Und das funk­tio­niert? Un­se­re Fahrergruppe

28. Januar 2026 | Logbuch | 0 Kommentare

Werk­statt­le­ben am Hei­de­ring Teil 6: On­line-Re­por­te­rin Mar­ti­na Har­nisch­ma­cher im Ge­spräch mit Jef­frey Fehst

Jef­frey: Um das Jahr 2011 bau­ten wir eine Fah­rer­grup­pe aus Werk­statt-Be­schäf­tig­ten auf. Das war ein ab­so­lu­tes No­vum, aber die Werk­statt­lei­tung un­ter­stütz­te uns. Ich fun­gier­te zu­nächst als Lei­ter un­se­rer „Post-Run­de“ – so ge­nannt, weil wir auf ihr Brie­fe und an­de­re Do­ku­men­te vom Hei­de­ring zur Haupt­werk­statt brach­ten, das­sel­be retour.

Mar­ti­na: Das In­ter­net spiel­te noch nicht die Rol­le von heu­te, und so nutz­ten wir un­se­re Post-Tour auch zur Wei­ter­ga­be von Neu­ig­kei­ten und für per­sön­li­che Absprachen.
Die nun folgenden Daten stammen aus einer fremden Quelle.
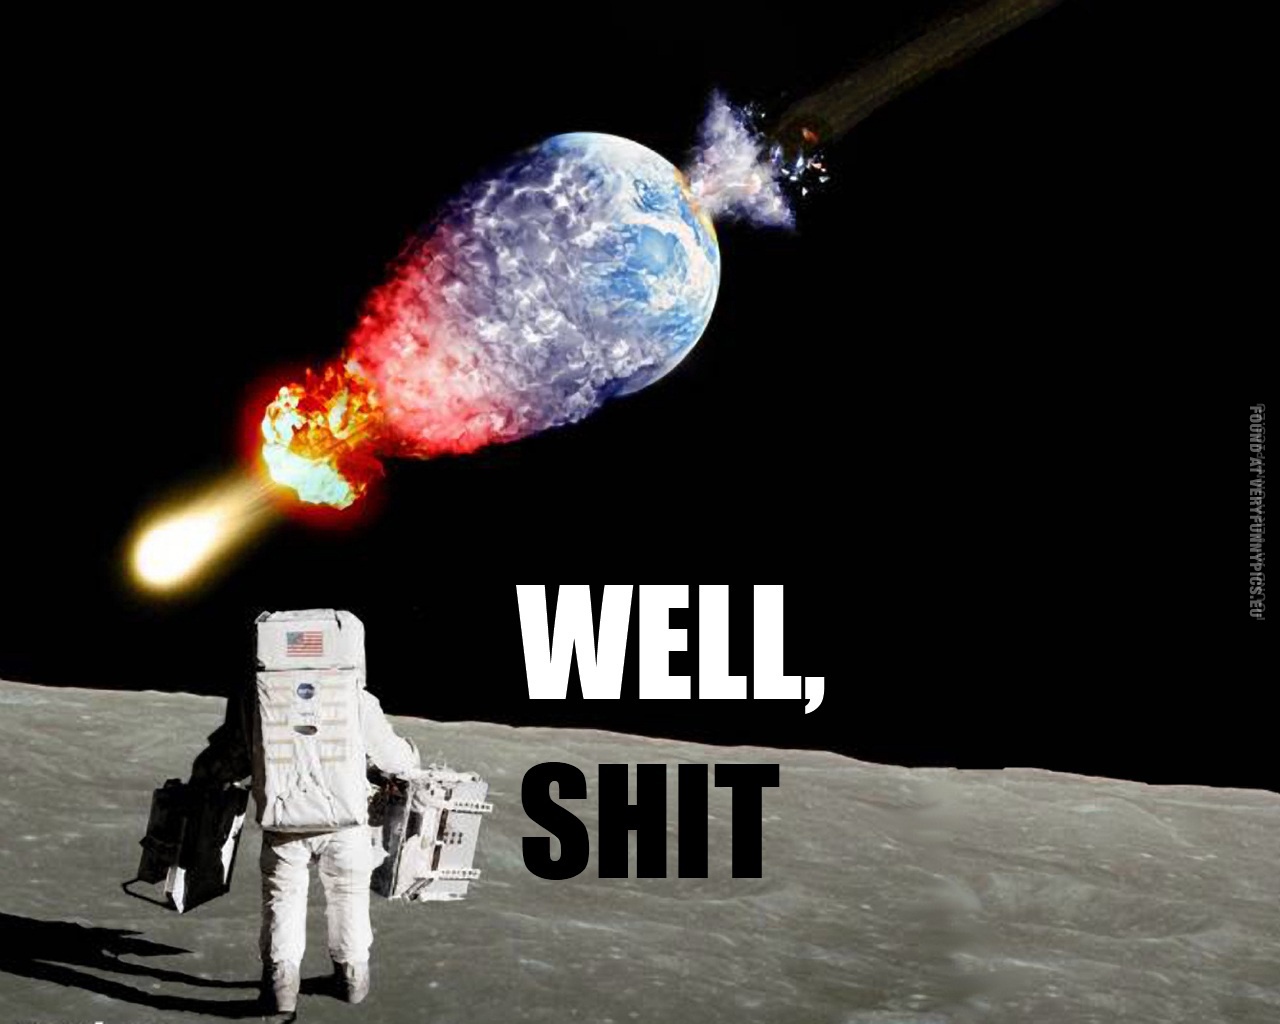 Funny Picture - Well, shit - Astronaut on moon looking at exploding earth

Jef­frey: Bald ka­men di­ver­se Lie­fer-Fahr­ten hin­zu, auf de­nen wir un­ter an­de­rem von Frie­sen ge­fer­tig­te Licht­ma­schi­nen und An­las­ser an KFZ-Tei­le 24 nach Ber­lin aus­lie­fer­ten. Zu Best­zei­ten wa­ren wir mit Jür­gen, Mar­ti­na, Ka­rin, Hen­drik, Kat­ja und Rosi sechs Stamm­fah­rer, al­le­samt Werkstatt-Beschäftigte.

Mar­ti­na: Wir wa­ren uns im­mer ei­nig, wer was fährt. Ich zum Bei­spiel be­lie­fer­te gern Ber­lin, ge­nau wie Rosi Kab­zinski und Kat­ja Ni­ckel. Jür­gen Wolf, auf dem Foto links zu se­hen, trans­por­tier­te das Mit­tag­essen von der Haupt­werk­statt in den Hei­de­ring und zu un­se­rer Au­ßen­stel­le in Schmach­ten­ha­gen. Nicht lan­ge, da chauf­fier­ten wir auch Be­schäf­tig­te und Mitarbeiter.

Die ers­te Zeit hat­te un­se­re Trup­pe nur hin­ter der Ga­ra­ge ein klei­nes Räum­chen. Woll­ten wir uns zwi­schen zwei Fahr­ten mit Jef­frey ab­stim­men, lie­fen wir zu­meist ne­ben ihm her, weil er auch für vie­le an­de­re ein ge­frag­ter Ge­sprächs­part­ner war. Ein Ohr am Te­le­fon, das an­de­re für uns, ti­ger­te er übers Ge­län­de, und du muss­test schnell mit­krie­gen, was als nächs­tes wie zu tun ist.

Jef­frey: Zwi­schen­durch ab­sol­vier­te ich eine son­der­päd­ago­gi­sche Zu­satz-Qua­li­fi­zie­rung. Als ich dort von al­le­dem er­zähl­te, sa­hen mich die an­de­ren Lehr­gangs­teil­neh­mer mit gro­ßen Au­gen an: „Eine Fah­rer­grup­pe aus Be­schäf­tig­ten – und das funktioniert?“

Ja klar!“ Da wa­ren sie auf ein­mal alle ganz still und staun­ten. So­weit ich weiß, sind wir bis heu­te weit und breit die ein­zi­ge Werk­statt, bei der Be­schäf­tig­te eine sol­che Ver­ant­wor­tung über­neh­men – seit nun­mehr an­dert­halb Jahrzehnten!